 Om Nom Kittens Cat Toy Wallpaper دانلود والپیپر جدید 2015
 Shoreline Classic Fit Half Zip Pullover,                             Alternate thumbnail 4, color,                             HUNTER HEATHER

○ ○ ○

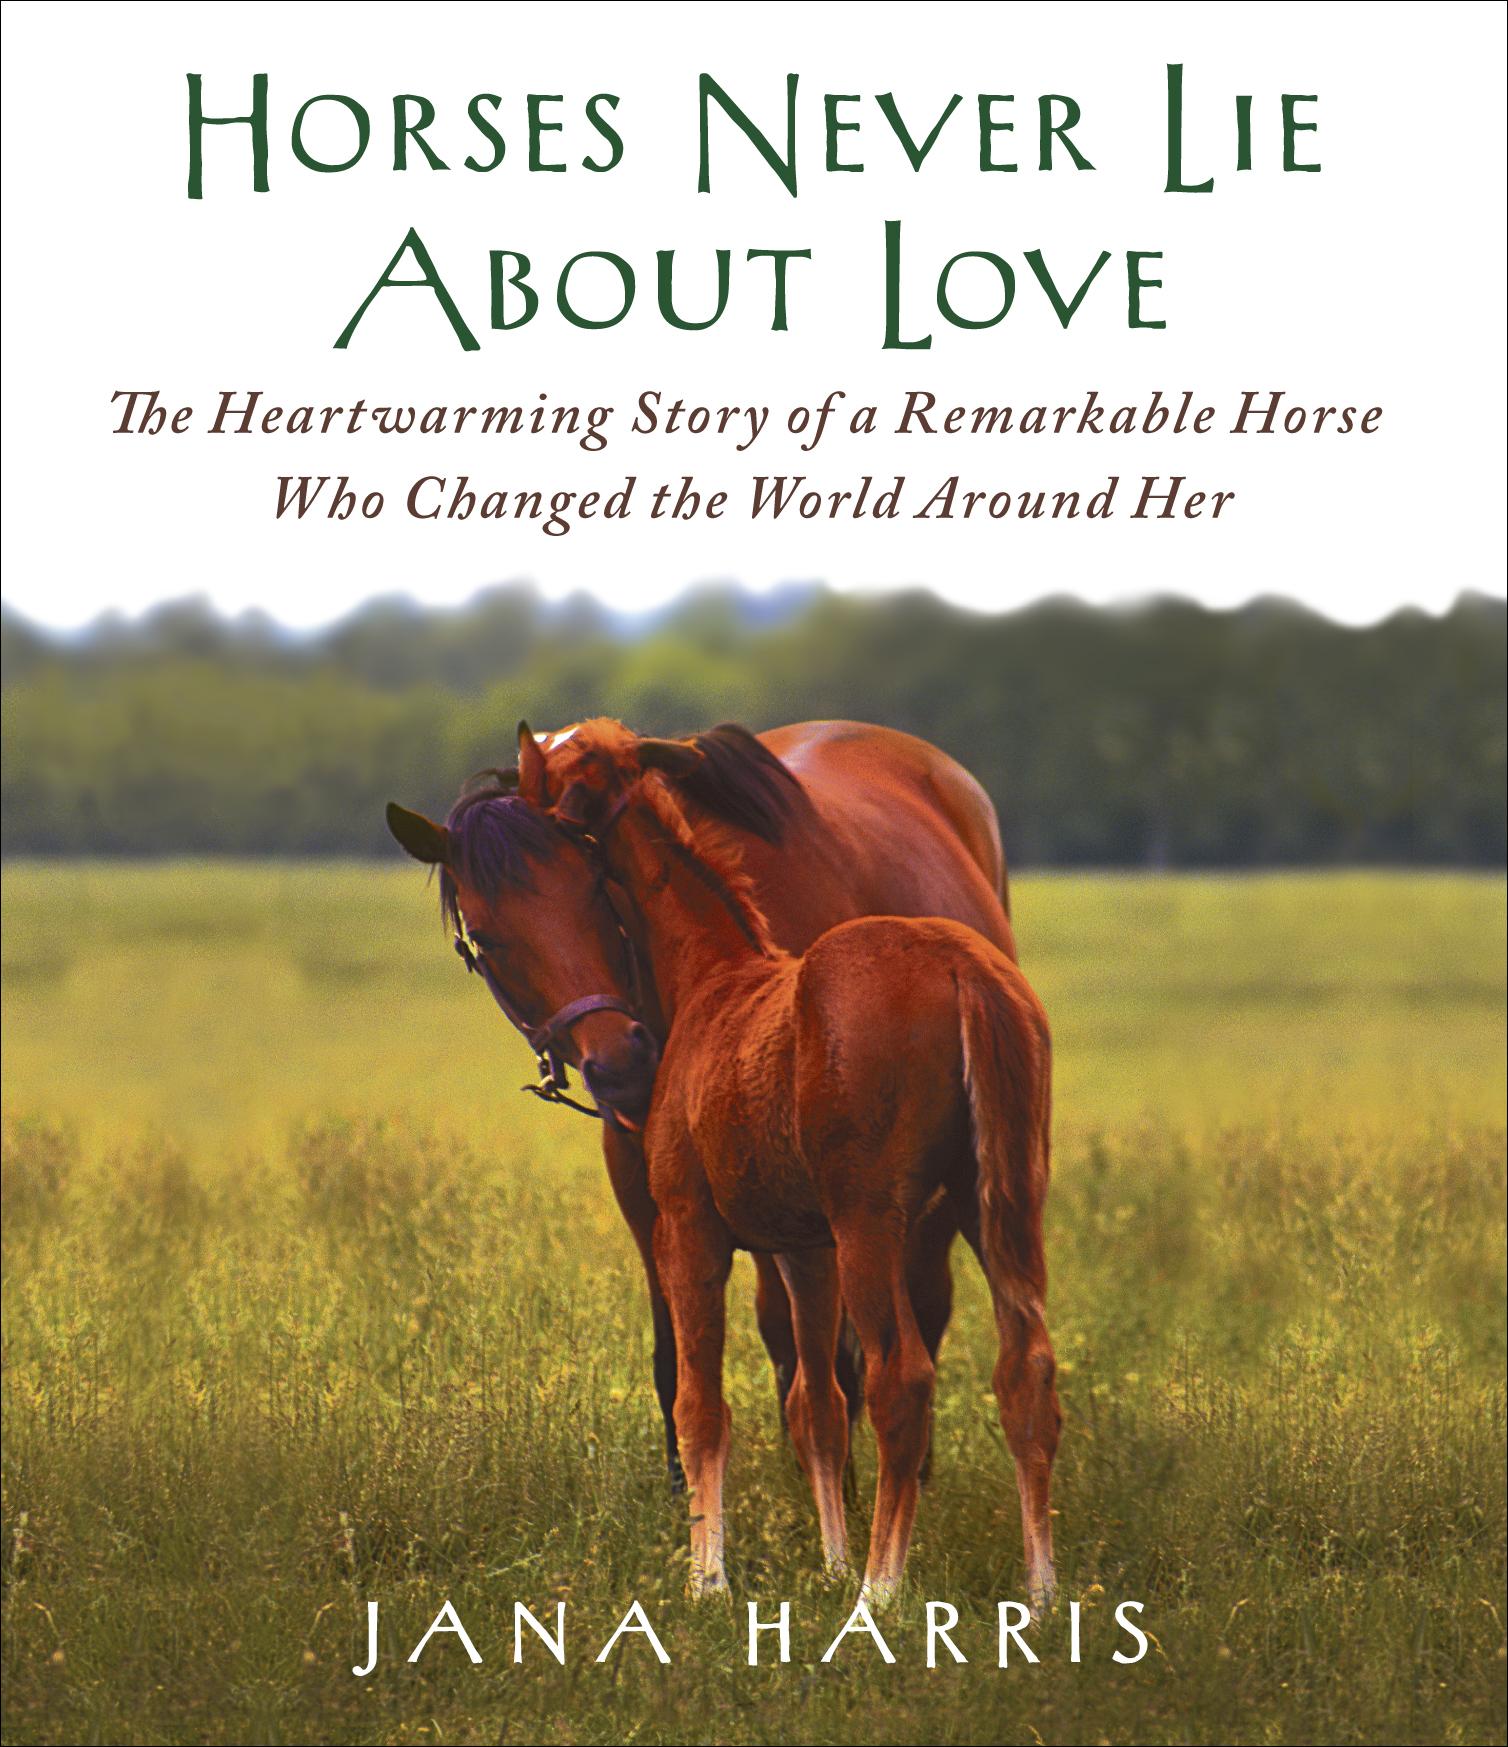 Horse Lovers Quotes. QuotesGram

○ ○ ○

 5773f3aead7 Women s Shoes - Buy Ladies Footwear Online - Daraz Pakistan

○ ○ ○

WHAT YOU WILL DO:
Would you retype exactly the lines above, from the line with "Om Nom Kittens" to the line with "Shoreline Classic Fit", with both end lines kept and nothing more?

OUTPUT BELOW:
 Om Nom Kittens Cat Toy Wallpaper دانلود والپیپر جدید 2015
 Shoreline Classic Fit Half Zip Pullover,                             Alternate thumbnail 4, color,                             HUNTER HEATHER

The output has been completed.